The data is shown in Fig. 18 as % DNA recovered relative to the DNA estimated from samples added direct to the appropriate buffer. The data shows the mean and SD of the % DNA recovered from duplicate swabs assayed by qPCR in duplicate i.e.: 4 qPCR determinations from duplicate swabs. The data shows that the PVP extraction is more efficient than the Qiagen method. There are no significant differences between the surface extraction and direct to swab extractions as would be expected since the difference is between the efficiencies of extraction from the swabs and not the recovery of the DNA onto the swabs from the surfaces.

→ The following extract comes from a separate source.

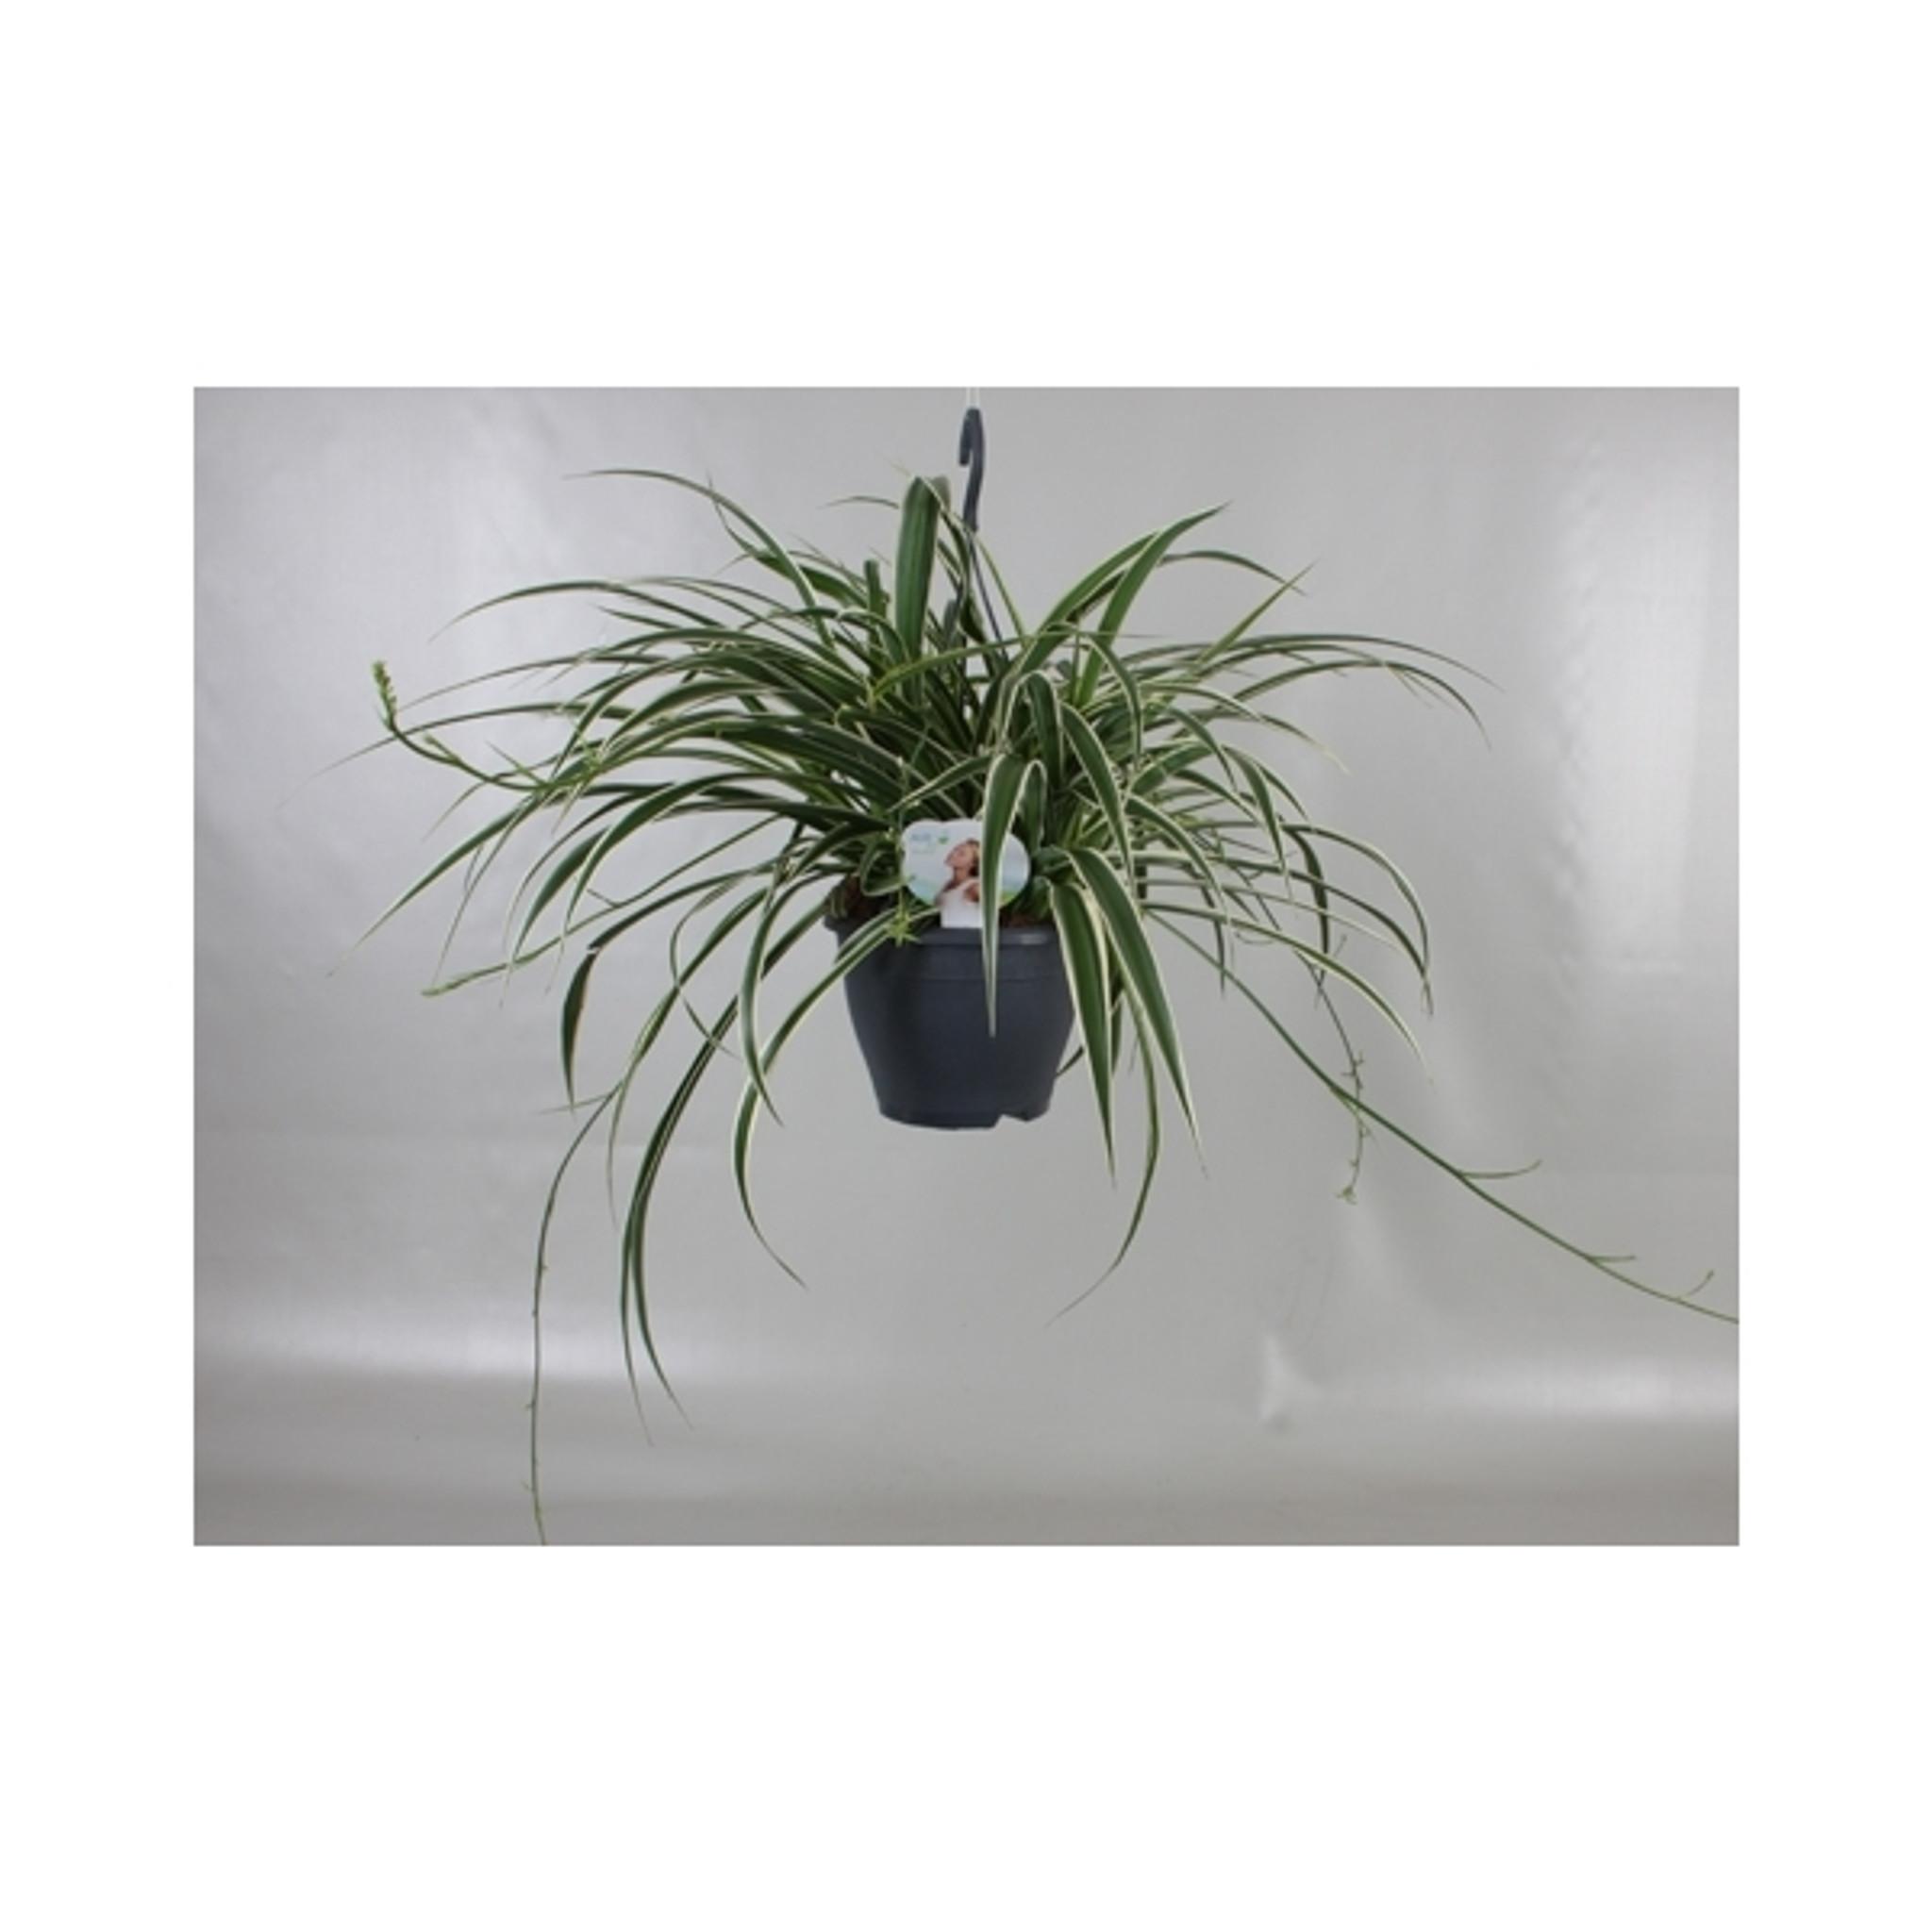 Large Variegated Spider plant Chlorophytum comosum hanging basket

In practical terms the drawbacks of both the PVP extraction method and the Investigator Go kit are that the extraction results in the DNA being at a relatively low concentration due to the volume of extraction buffer required. Also any contaminating PCR inhibitors swabbed from the surfaces of interest will be present in the extracts. Both of these concerns can be addressed using a simple purification and concentration step using paramagnetic beads to capture the DNA by Solid Phase Reversible Immobilization (SPRI). Commercially available SPRI beads such as AMpure XP(Beckman Coulter) would be prohibitively expensive as the protocols for the pre-mixed beads requires 1.8 times the volume of beads to be added to the solution being extracted in order to give the correct PEG concentration for DNA binding to the beads.

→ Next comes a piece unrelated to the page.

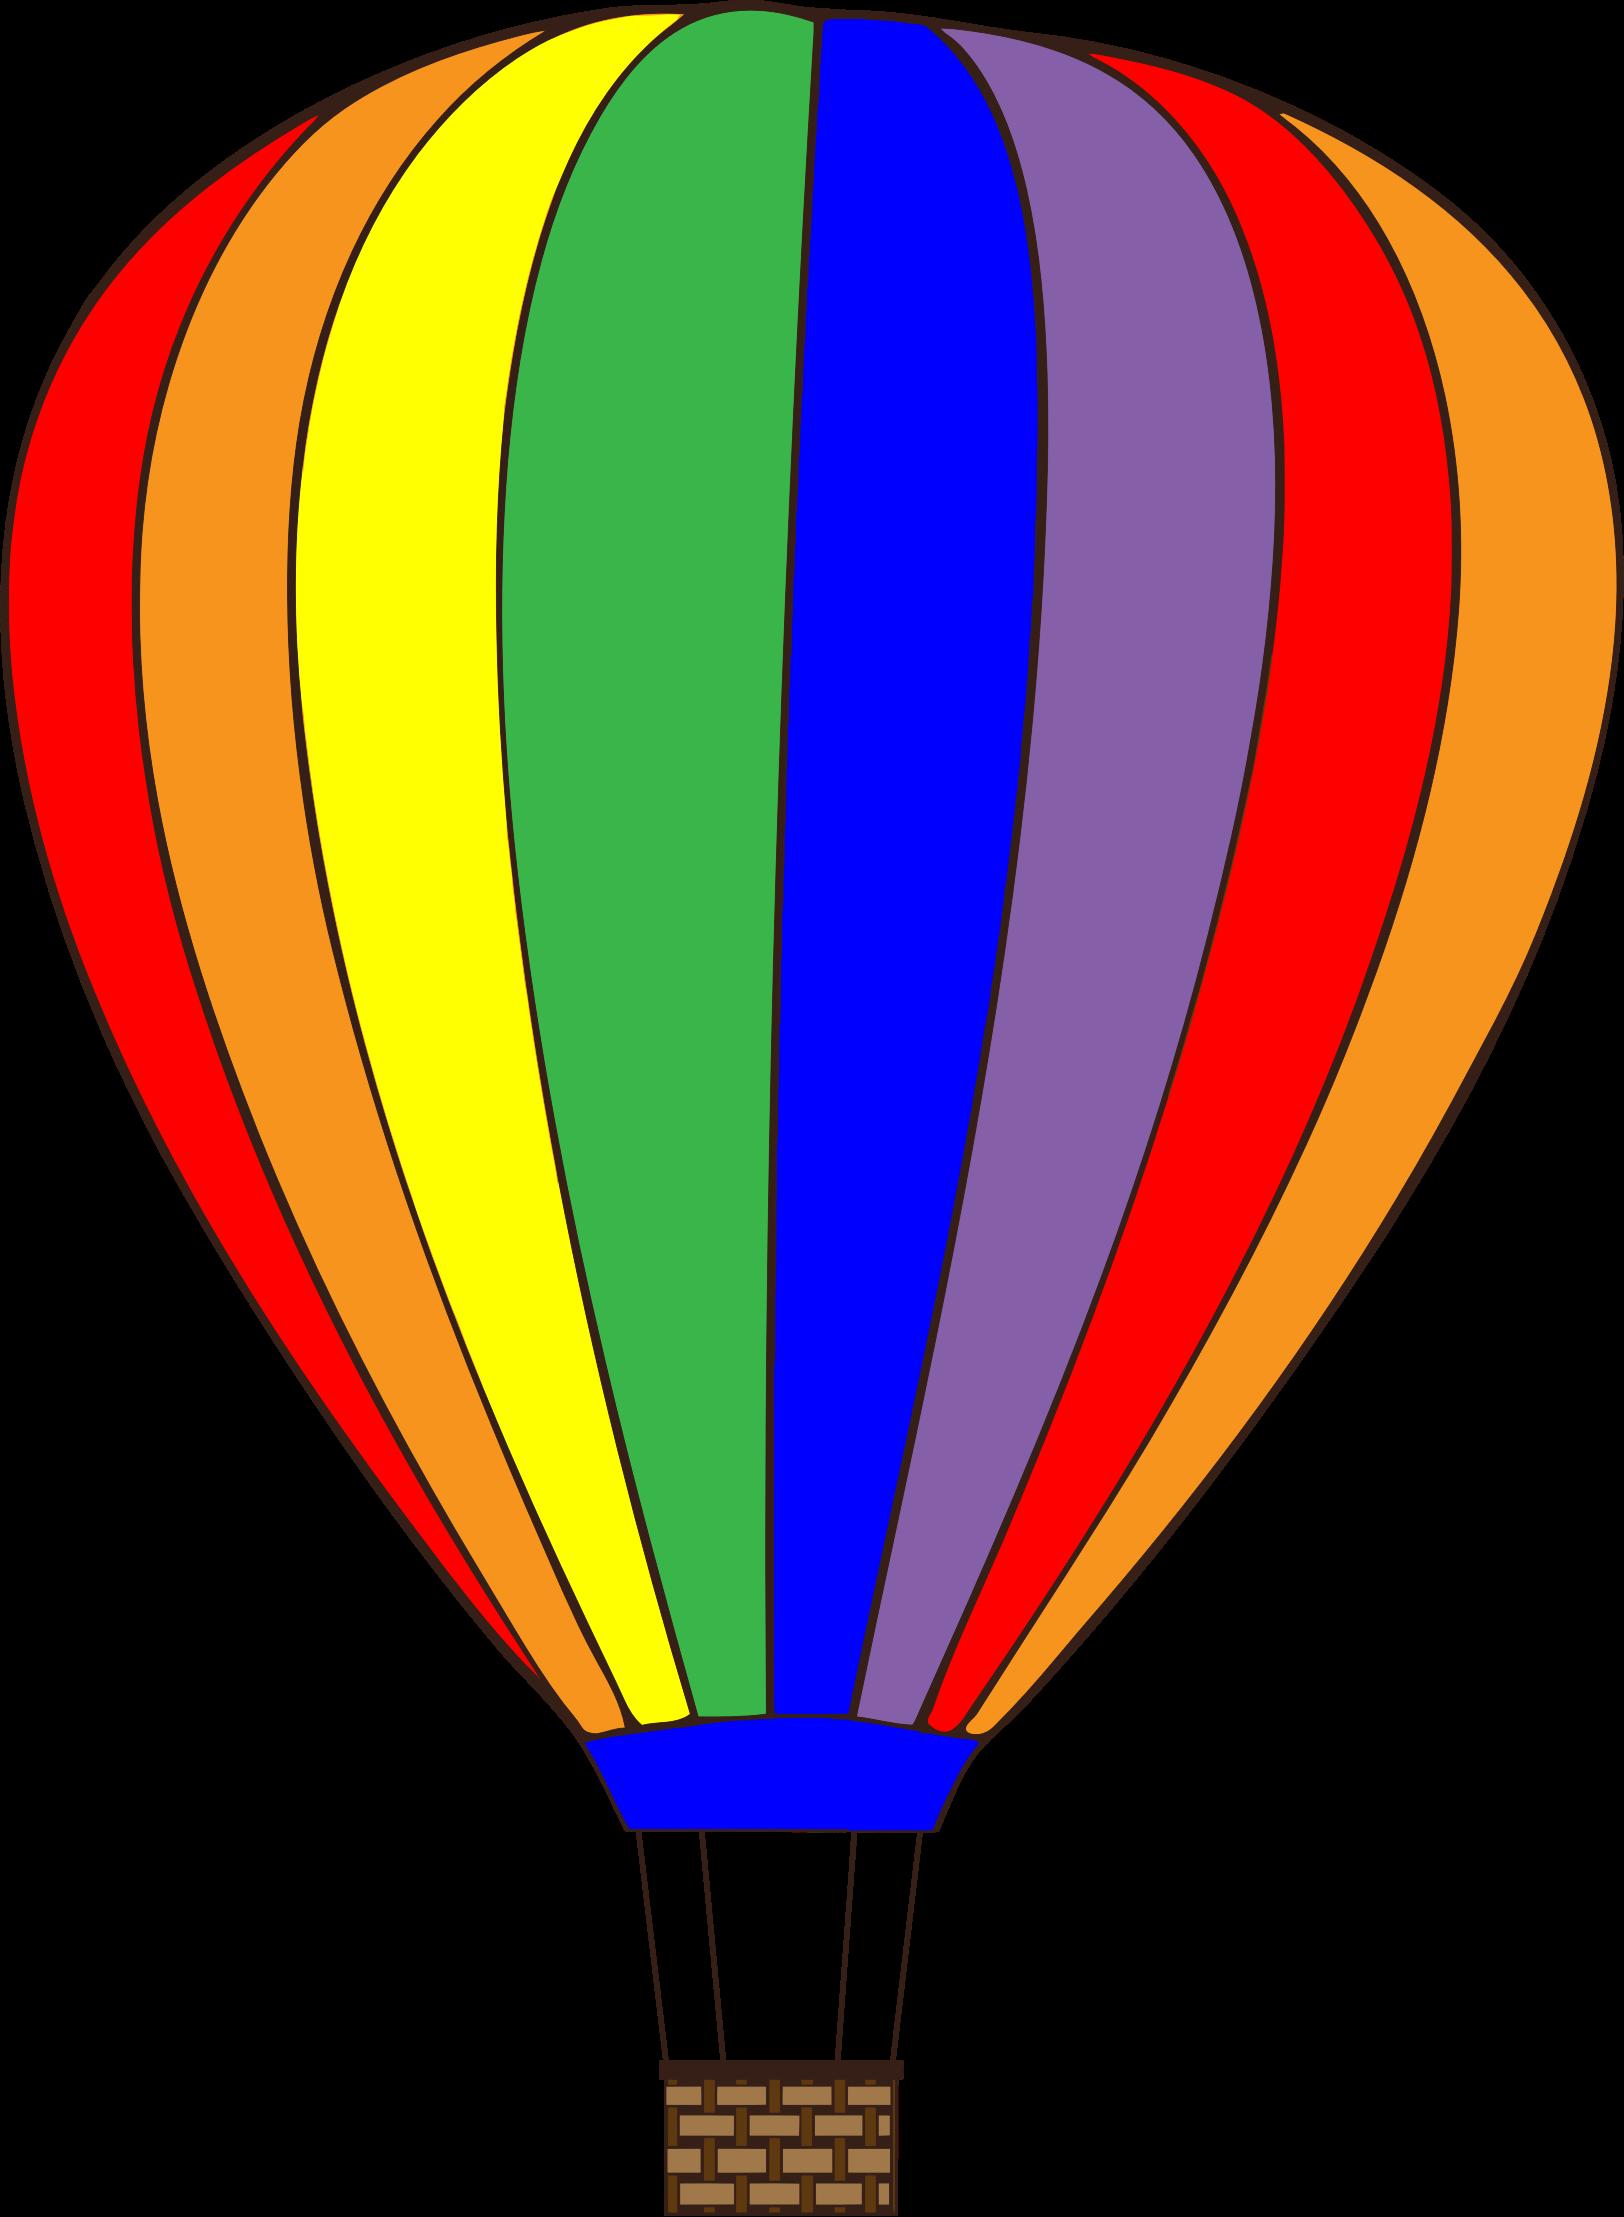 - Colorful Hot Air Balloon Hot Air Balloon Clipart, Hot Air

The capacity of the beads for DNA binding is in excess of 5 ug per 1μl of beads, therefore the addition of excess beads is unnecessarily expensive. Examination of the original paper describing SPRI beads [] shows that the required beads and PEG/NaCl mix can be added separately. This allows the addition of a small volume of beads and concentrated PEG/NaCl solution which results in the minimum quantity of beads being added along with a volume of PEG/NaCl giving their required final concentrations for efficient DNA binding. The full details are given in materials and methods. Fig. 19 shows the results of testing this method for free and cellular DNA. The recovery efficiency of free DNA was assessed by adding 50 ng of free DNA (quantified by Qubit assay) to 250μl of PVP extraction buffer and purifying the DNA using 2–10μl of beads and the recovered DNA quantified by Qubit assay. Since cellular DNA cannot be accurately quantified by Qubit assay due to the contaminating cellular material, the cellular DNA was quantified by qPCR after normal extraction protocol including proteinase K digestion (250 ng input DNA). The cellular DNA recovered from the bead purification was also quantified by qPCR. The data presented in Fig. 19 for the free DNA shows that due to the high binding efficiency of the beads 2μl already gives around 70% recovery of the input DNA increasing to around 85% recovery with 8μl of beads. Since the elution volume from the beads was in this case 50μl, the DNA concentration has increased from 0.34 ng/μl to 1.3 ng/μl, a 3.8 fold increase in concentration. The data for cellular DNA shows a more gradual increase in binding. We speculate that this is due to the presence of peptides, from the proteinase K digestion, and perhaps cellular RNA competing for binding to the beads. However, the addition of 8–10μl of beads results in a recovery of 70–72%. Since the input DNA was at a concentration of 1 ng/μl this equates to 3.5 fold increase in concentration, similar to that observed for free DNA.